Embrace The Red: AWS Kiro: Arbitrary Code Execution via Indirect Prompt Injection

Source URL: https://embracethered.com/blog/posts/2025/aws-kiro-aribtrary-command-execution-with-indirect-prompt-injection/
Source: Embrace The Red
Title: AWS Kiro: Arbitrary Code Execution via Indirect Prompt Injection

Feedly Summary: On the day AWS Kiro was released, I couldn’t resist putting it through some of my Month of AI Bugs security tests for coding agents.
AWS Kiro was vulnerable to arbitrary command execution via indirect prompt injection. This means that a remote attacker, who controls data that Kiro processes, could hijack it to run arbitrary operating system commands or write and run custom code.
In particular two attack paths that enabled this with AWS Kiro were identified:

AI Summary and Description: Yes

Summary: The text highlights a significant security vulnerability in AWS Kiro, specifically an arbitrary command execution vulnerability via indirect prompt injection.
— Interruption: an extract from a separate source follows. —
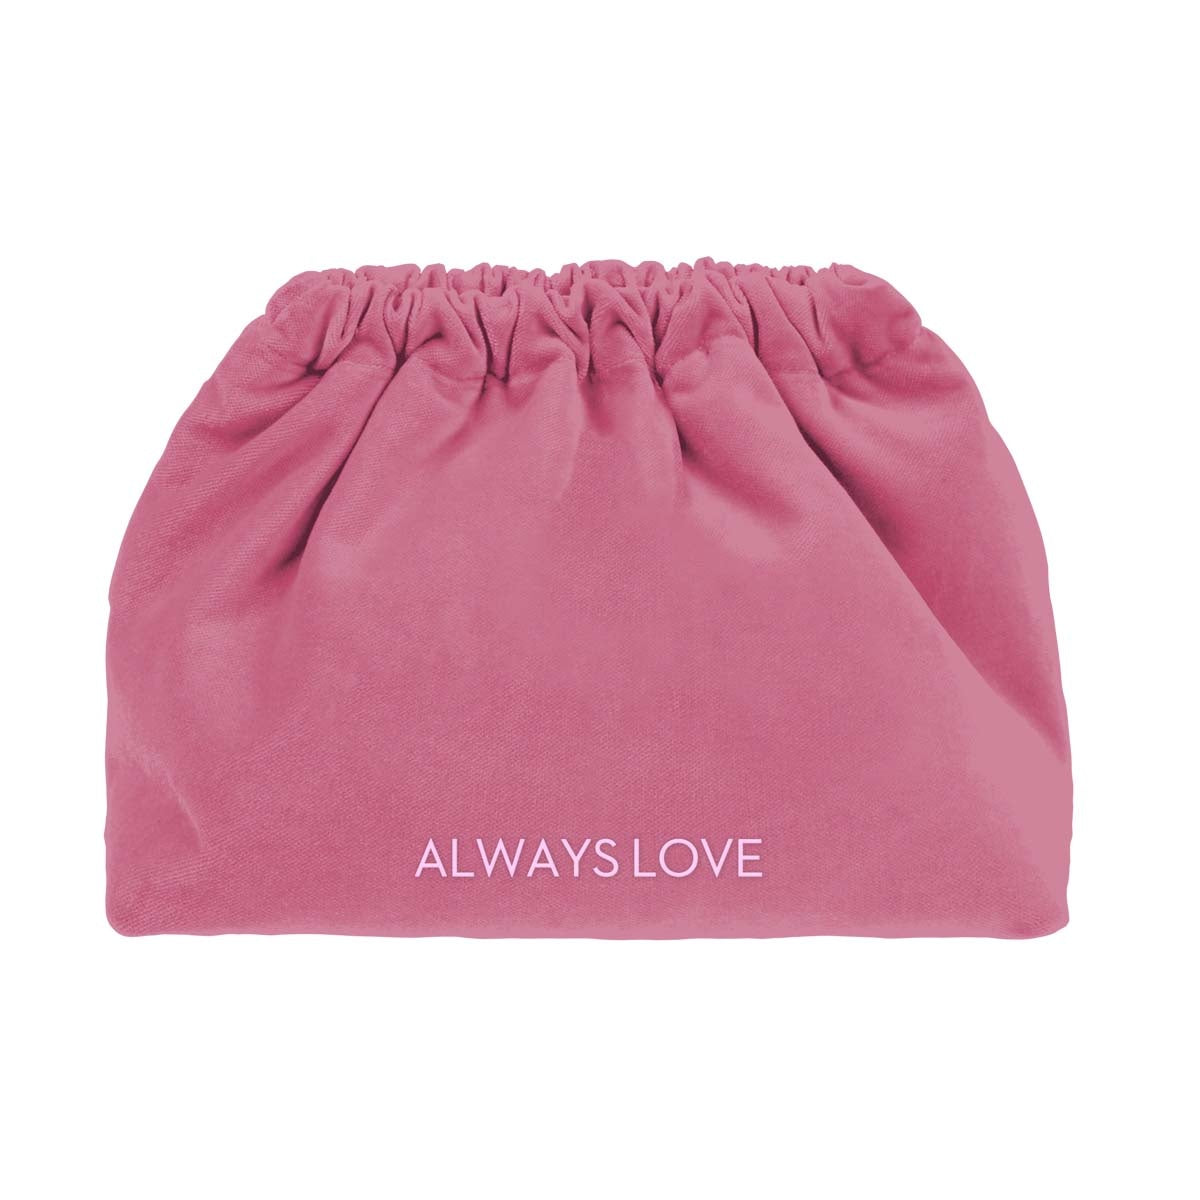 Always Love - Velvet Clutch Bag

For professionals in AI and cloud security, this underscores the critical need for robust testing frameworks in AI systems to mitigate potential exploits.

Detailed Description:
The provided text discusses a security assessment of AWS Kiro, an AI coding agent, revealing a critical vulnerability that allows malicious actors to execute unauthorized commands remotely. This finding is particularly relevant for security professionals in cloud computing and AI domains, emphasizing the importance of proactive security measures.

Key Points:
– **Product Tested**: AWS Kiro, an AI coding agent
– **Vulnerability Identified**: Arbitrary command execution through indirect prompt injection
– **Attack Vector**: A remote attacker with control over the data processed by Kiro can exploit this vulnerability to run unauthorized OS commands or execute custom code
– **Specific Attack Paths**: The analysis points to two specific methods by which the vulnerability could be exploited

Practical Implications:
– **Security Testing**: The issue highlights the necessity for continuous security testing and auditing of AI systems, especially those deployed in production environments.
– **Defense in Depth**: Implementing layers of security controls can help mitigate such risks—emphasizing the significance of adopting a Zero Trust framework in AI and cloud domains.
– **Awareness and Response**: Security professionals should stay informed about such vulnerabilities to ensure that corrective measures are taken promptly to secure systems against potential exploits.

This analysis reinforces the critical nature of vigilance in security practices, especially as cloud-based AI solutions become more prevalent and integral to infrastructure.